En mars, le PDG d'Apple, Tim Cook, a assisté au Forum sur le développement de la Chine qui s'est tenu à Pékin. « Apple et la Chine grandissent ensemble. C'est une relation symbiotique », a-t-il déclaré.
En avril, le PDG d’Intel, Pat Gelsinger, s’est également rendu à Pékin et a rencontré des responsables chinois.
Fin mai, Elon Musk, cofondateur de la société de voitures électriques Tesla, s'est rendu en Chine. L'éminent homme d'affaires a rencontré des responsables du gouvernement chinois à Pékin, puis a visité l'usine Tesla à Shanghai.
Et plus récemment, en juin 2023, Bill Gates, cofondateur du géant technologique américain Microsoft, a été reçu par le président chinois Xi Jinping à Pékin - une exception presque sans précédent pour un chef d'entreprise
« Vous êtes le premier ami américain que je rencontre cette année », a déclaré le président chinois au milliardaire américain.
Marché indispensable
L’attention que les dirigeants technologiques de Washington accordent à Pékin démontre l’importance du pays pour certaines des plus grandes entreprises américaines.

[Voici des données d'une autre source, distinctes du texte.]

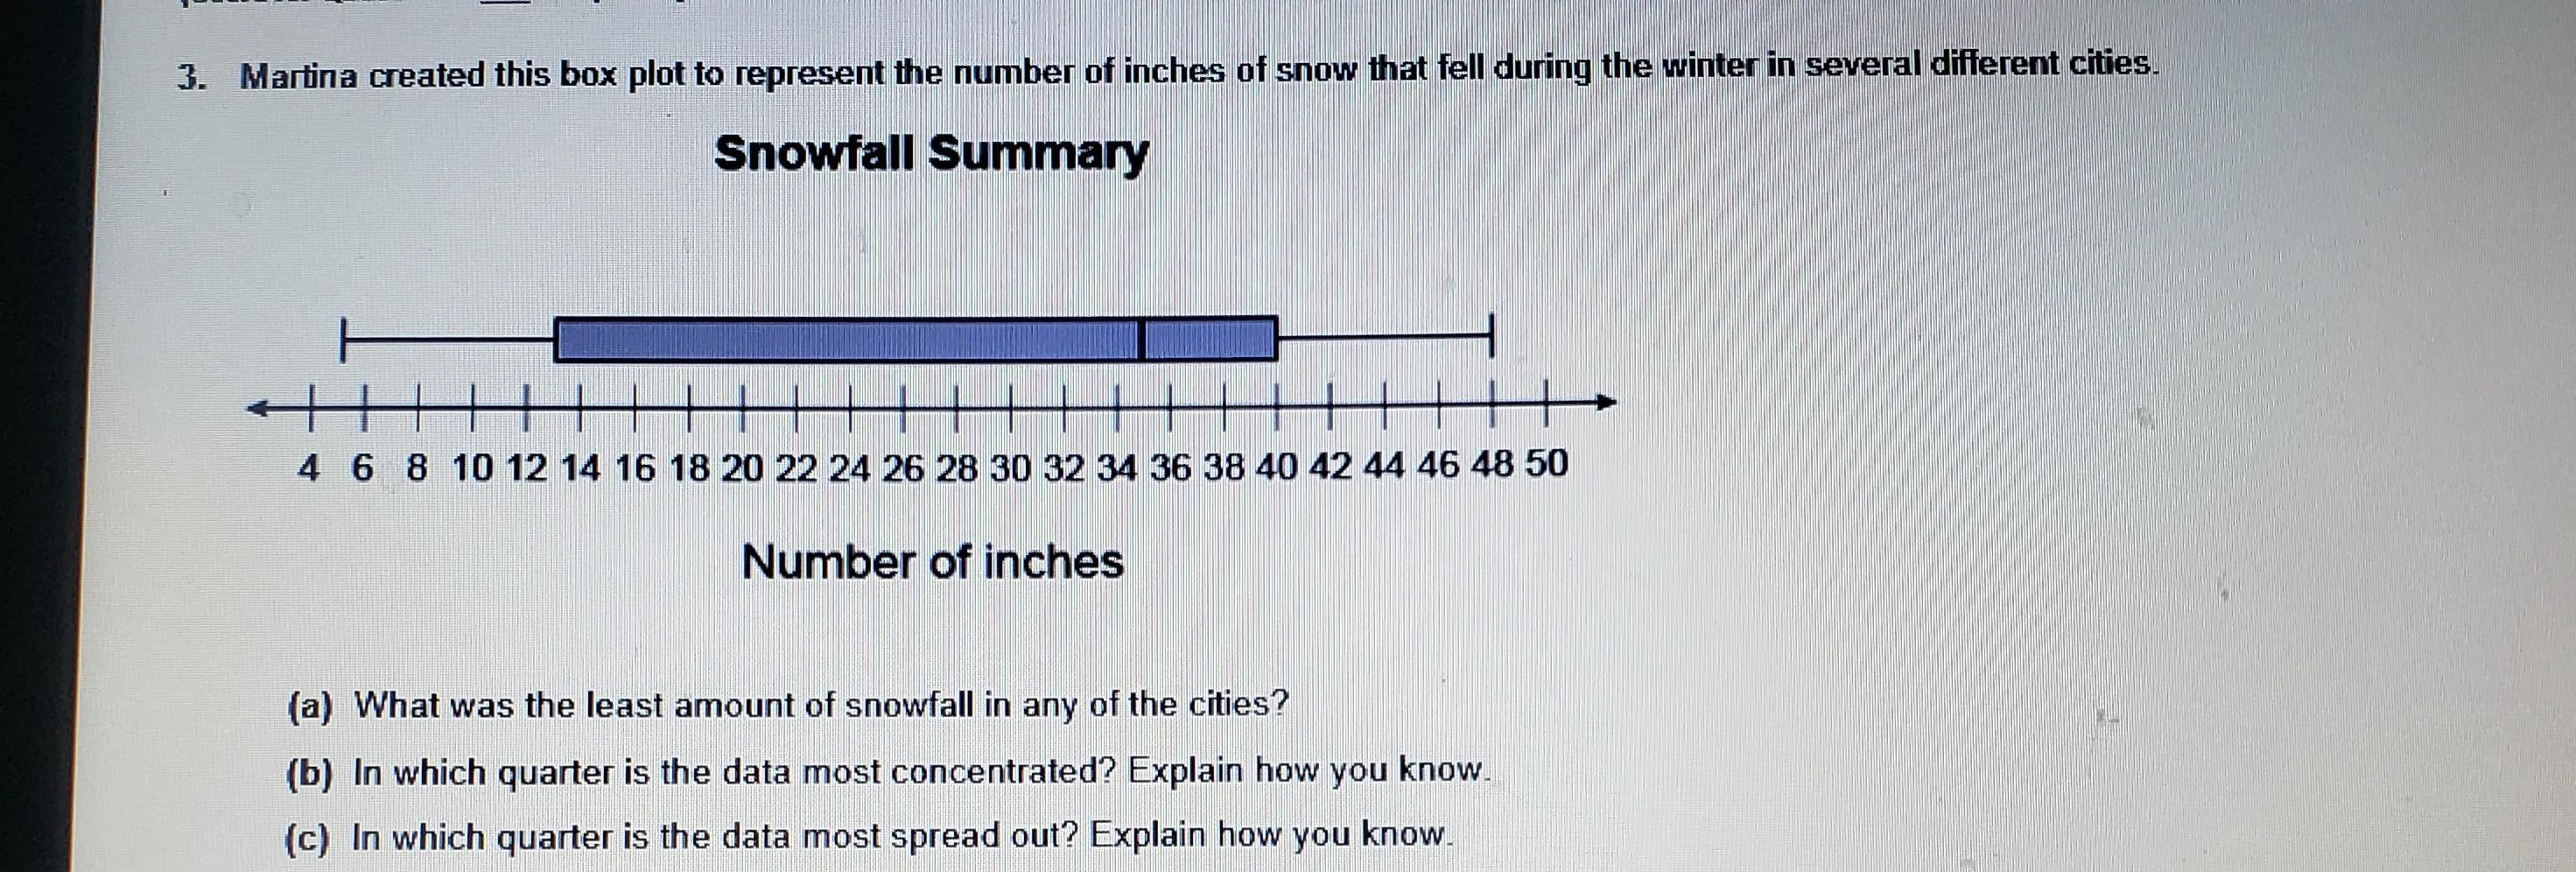  Martina Created This Box Plot To Represent The Number Of Inches Of Snow That Fell During The Winter
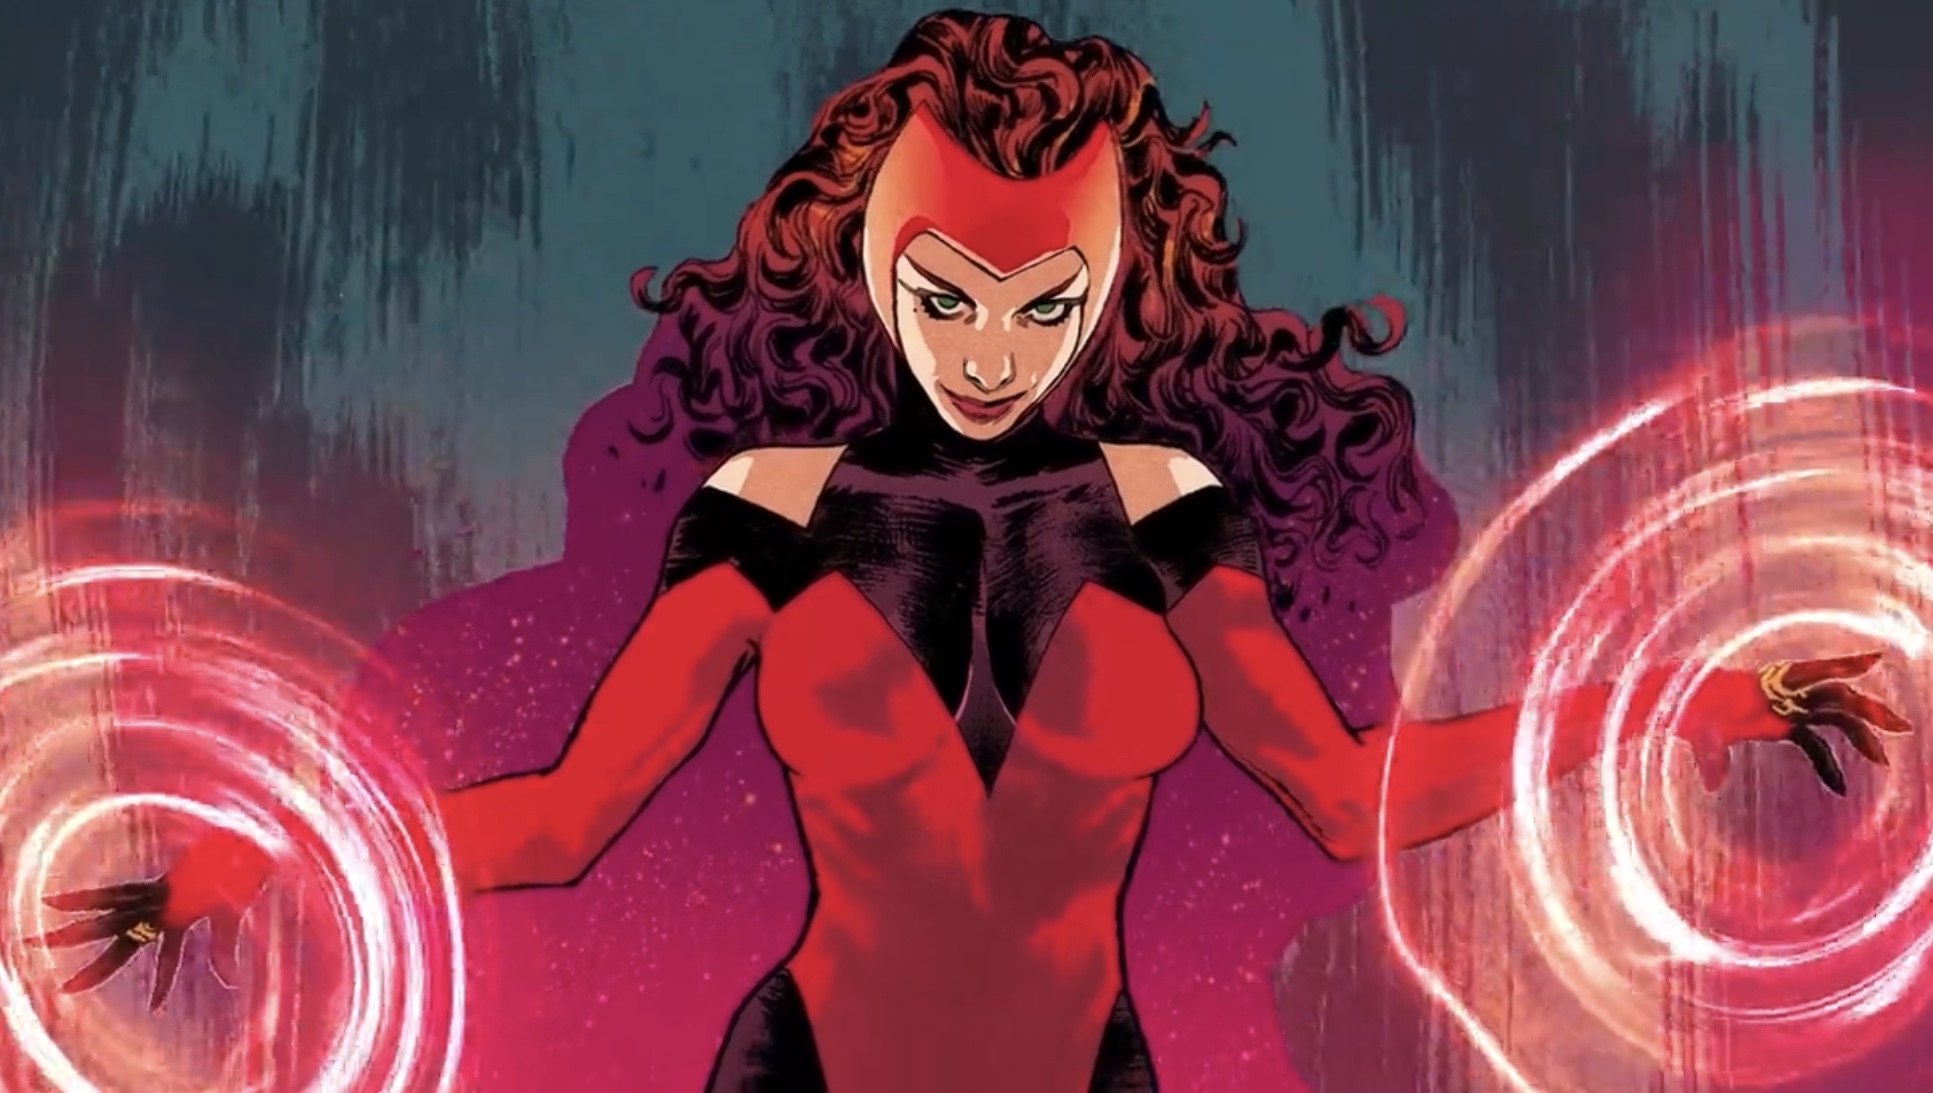 Can scarlet witch beat superman

Alors que la plus grande économie du monde renforce les sanctions pour bloquer l’accès de la Chine à la technologie américaine, les plus grandes entreprises technologiques de Washington restent fortement dépendantes de ce marché d’un milliard de personnes.
En fait, malgré cinq années de « séparation », cette dépendance n’a guère changé.
En 2018, Washington a commencé à s’éloigner progressivement de Pékin, sous la présidence américaine de l’époque, Donald Trump. Le président a imposé des restrictions à l’exportation et à l’investissement visant à limiter l’accès de la Chine à la technologie américaine avancée.
Mais cinq ans plus tard, une analyse des données financières réalisée par Nikkei Asia montre que les entreprises technologiques américaines dépendent toujours fortement de la Chine.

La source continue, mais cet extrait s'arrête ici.